Of Games and God by Kevin Schut

Of Games and God by Kevin Schut

Author:Kevin Schut
Language: eng
Format: epub
Tags: REL012000, REL109030
ISBN: 9781441240514
Publisher: Baker Publishing Group


The School of Mario

The Brain, Education, and Video Games

Video games are not sinful, they’re just stupid. And they’re stupid in this way. Young, particularly men, and now women are joining it, they want to get on a team, be part of a kingdom, conquer a foe, and win a great, epic battle. So they do it with their thumbs and it doesn’t even count. Nobody’s really liberated. The Taliban is not really conquered. Women are not really freed from oppression. Generations are not really changed. It’s all fake. It doesn’t count.

Pastor Mark Driscoll of Mars Hill Church in Seattle[1]

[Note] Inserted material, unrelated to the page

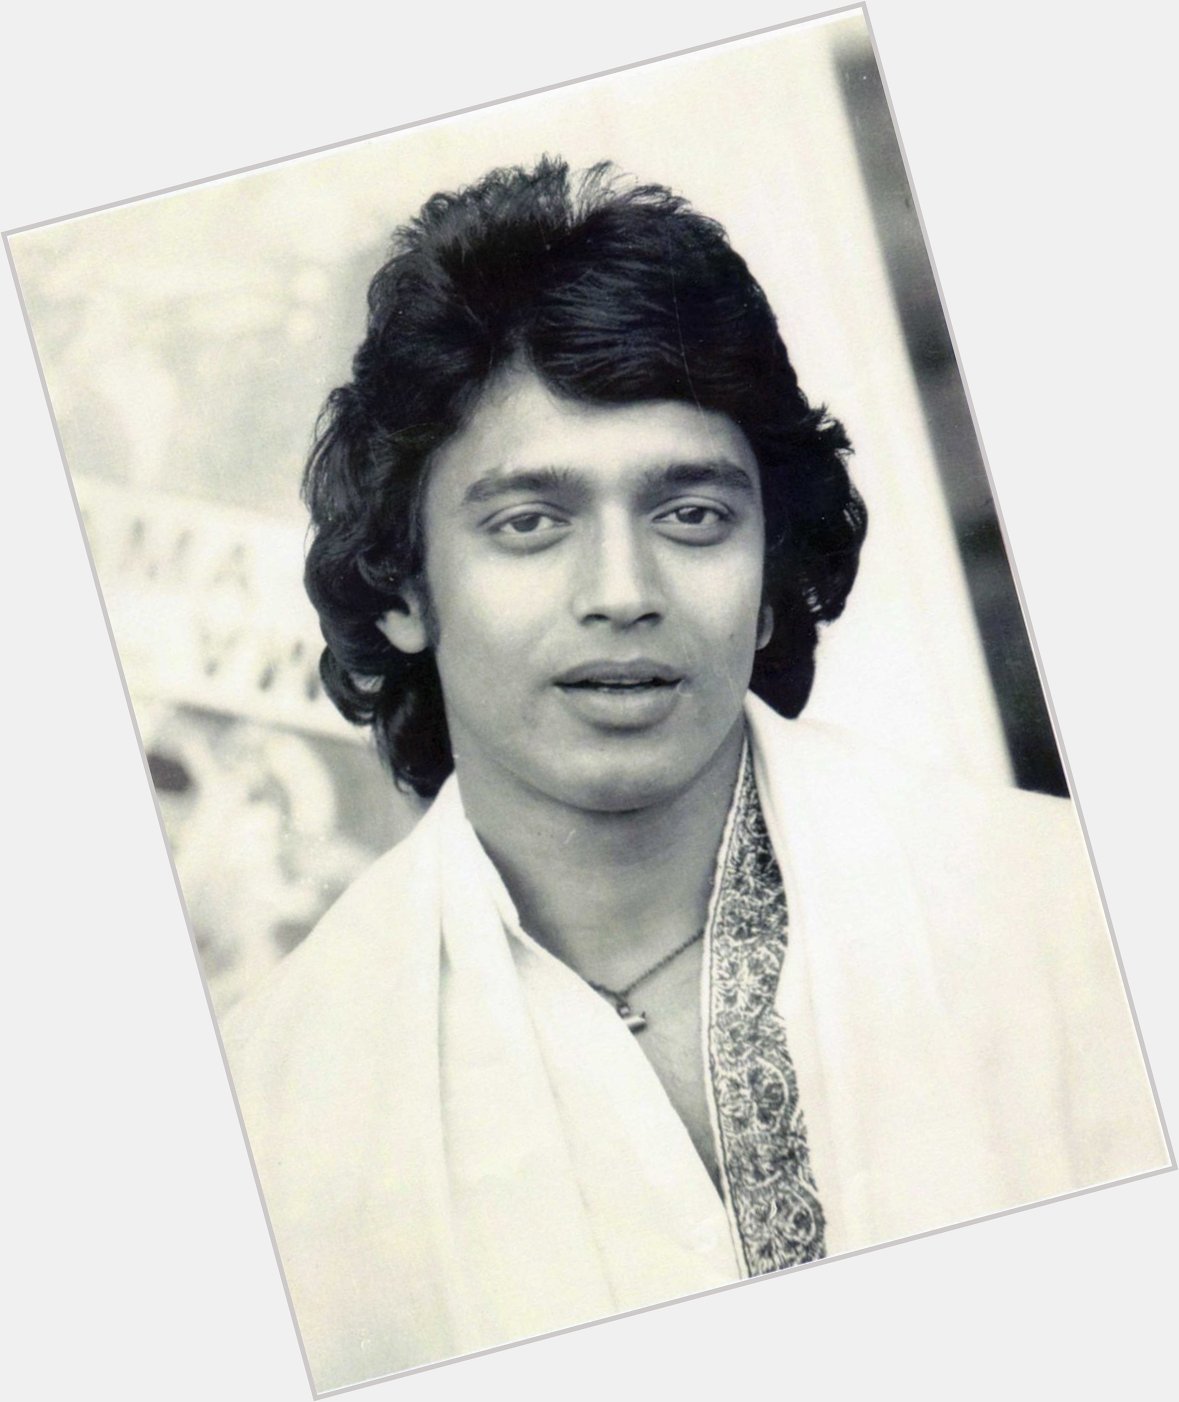 Happy Birthday to Mithun Chakraborty   About:  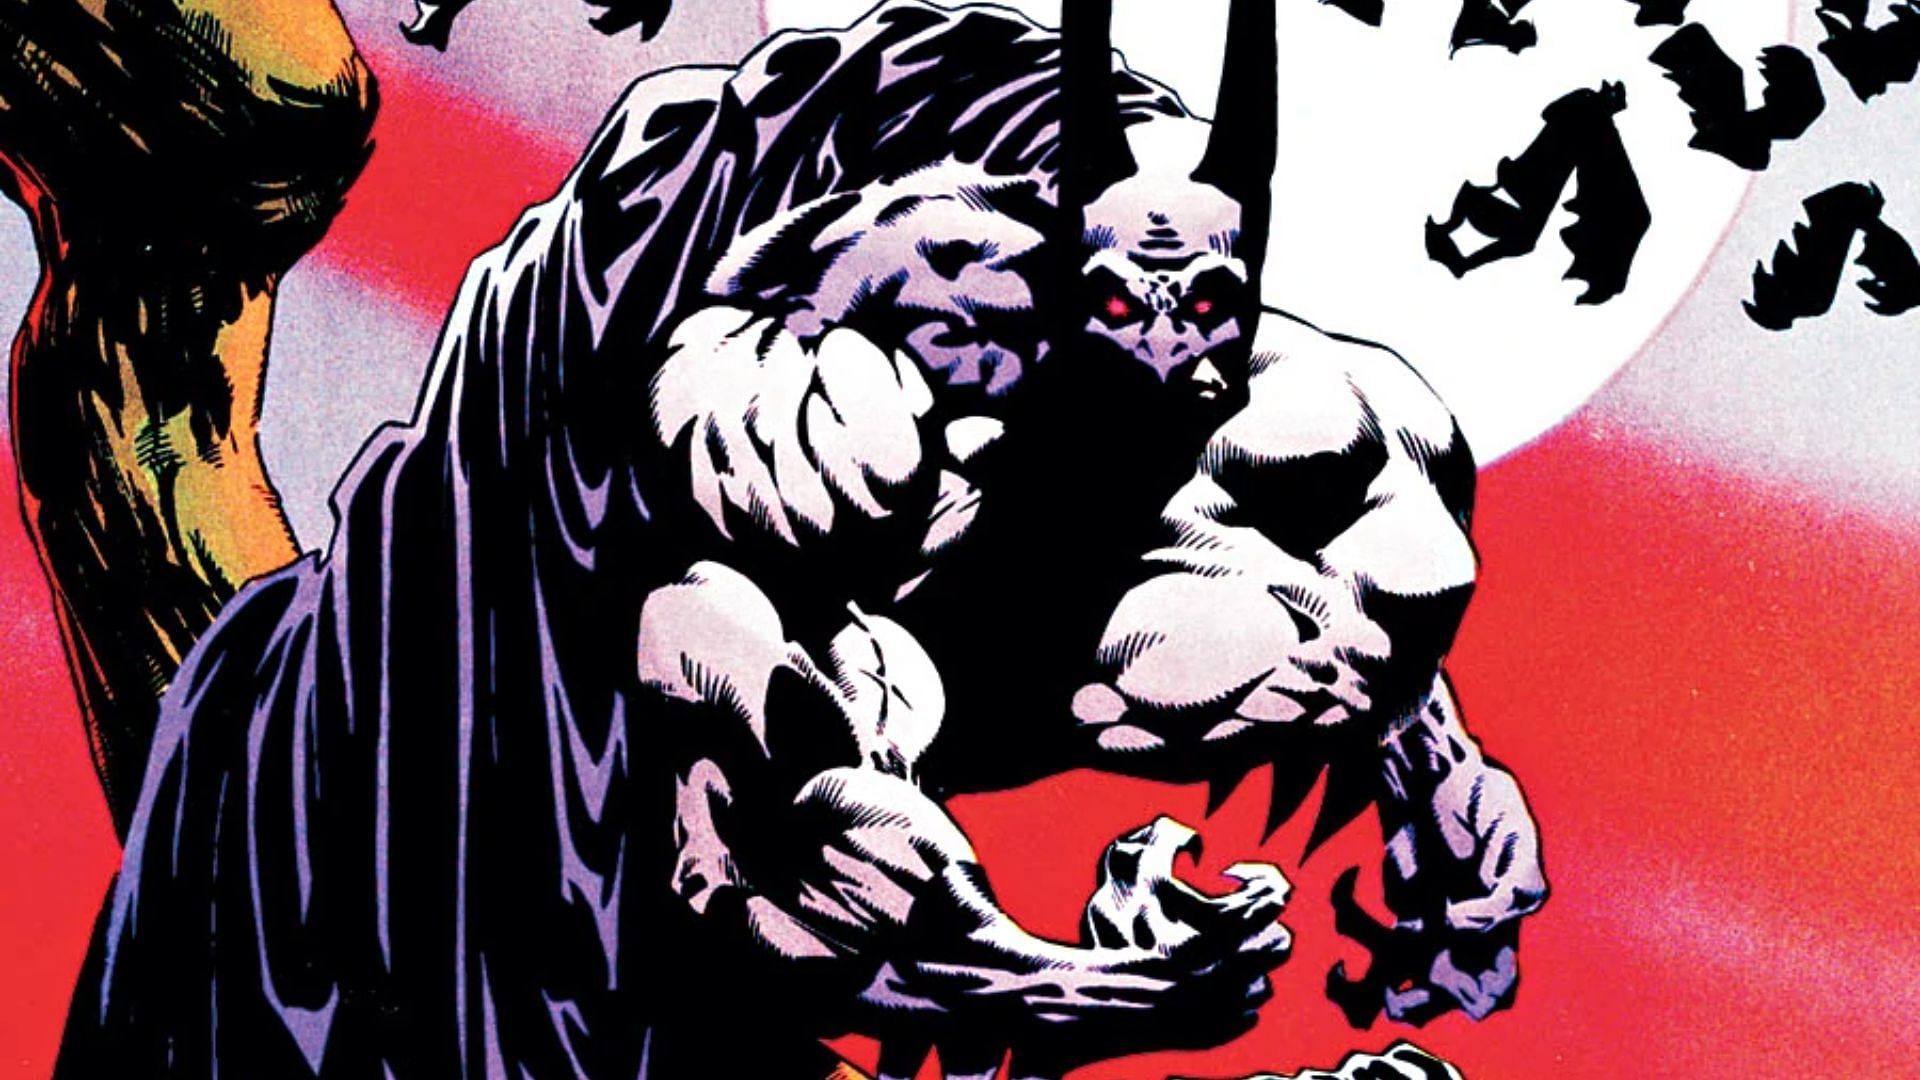 Batman on the cover of Batman: Bloodstorm (Image Credits: DC Comics)

Making School Cool with Games?

Is anything as big a waste of time as video games? A player pours tears, sweat, and gallons of virtual blood into something that results in little more than an unsatisfying victory cut scene—if he or she even finishes the game.[2] Could there be a less productive activity? Then why on earth would a bunch of intellectuals and educational experts today be arguing that schools should start taking video games more seriously? They don’t mean to push students into the relatively low-paid career of game testing. No, this coalition of respectable academics, intelligent game developers, and wide-eyed technology boosters argues that video games are the equivalent of an exercise gym for the mind. The video-game medium, so the argument goes, engages us mentally in just the way that we should be engaged in a digital culture. This is a pretty significant claim, and would certainly go a long way toward redeeming the medium if it were true.

This chapter looks at these claims about the benefits of video games and also considers some critiques. First, we’ll examine the complaints lodged against today’s digital media environment. Then, we’ll look at the new enthusiasm for video games as tools of education and social reform. We’ll evaluate both of these sets of arguments with the help of media ecology theory, a body of work partly based on the work of media guru Marshall McLuhan. In the end, we’ll see that video games are neither a panacea for all our ills nor a destroyer of all that is good. Rather, they bring intellectual changes that are both positive and negative, and it is our responsibility to engage the new medium wisely.

Digital Media Critics

The title of Mark Bauerlein’s 2008 book is unsubtle: The Dumbest Generation: How the Digital Age Stupefies Young Americans and Jeopardizes Our Future (Or: Don’t Trust Anyone Under 30). It neatly summarizes his main contention. Young people today, argues Bauerlein, have squandered an incredibly rich media environment:

The fonts of knowledge are everywhere, but the rising generation is camped in the desert, passing stories, pictures, tunes, and text back and forth, living off the thrill of peer attention. Meanwhile, their intellects refuse the cultural and civic inheritance that has made us what we are up to now.[3]

Susan Jacoby, author of The Age of American Unreason, likewise connects today’s digital environment (along with Christian fundamentalism) with a surge of anti-intellectualism in today’s American culture.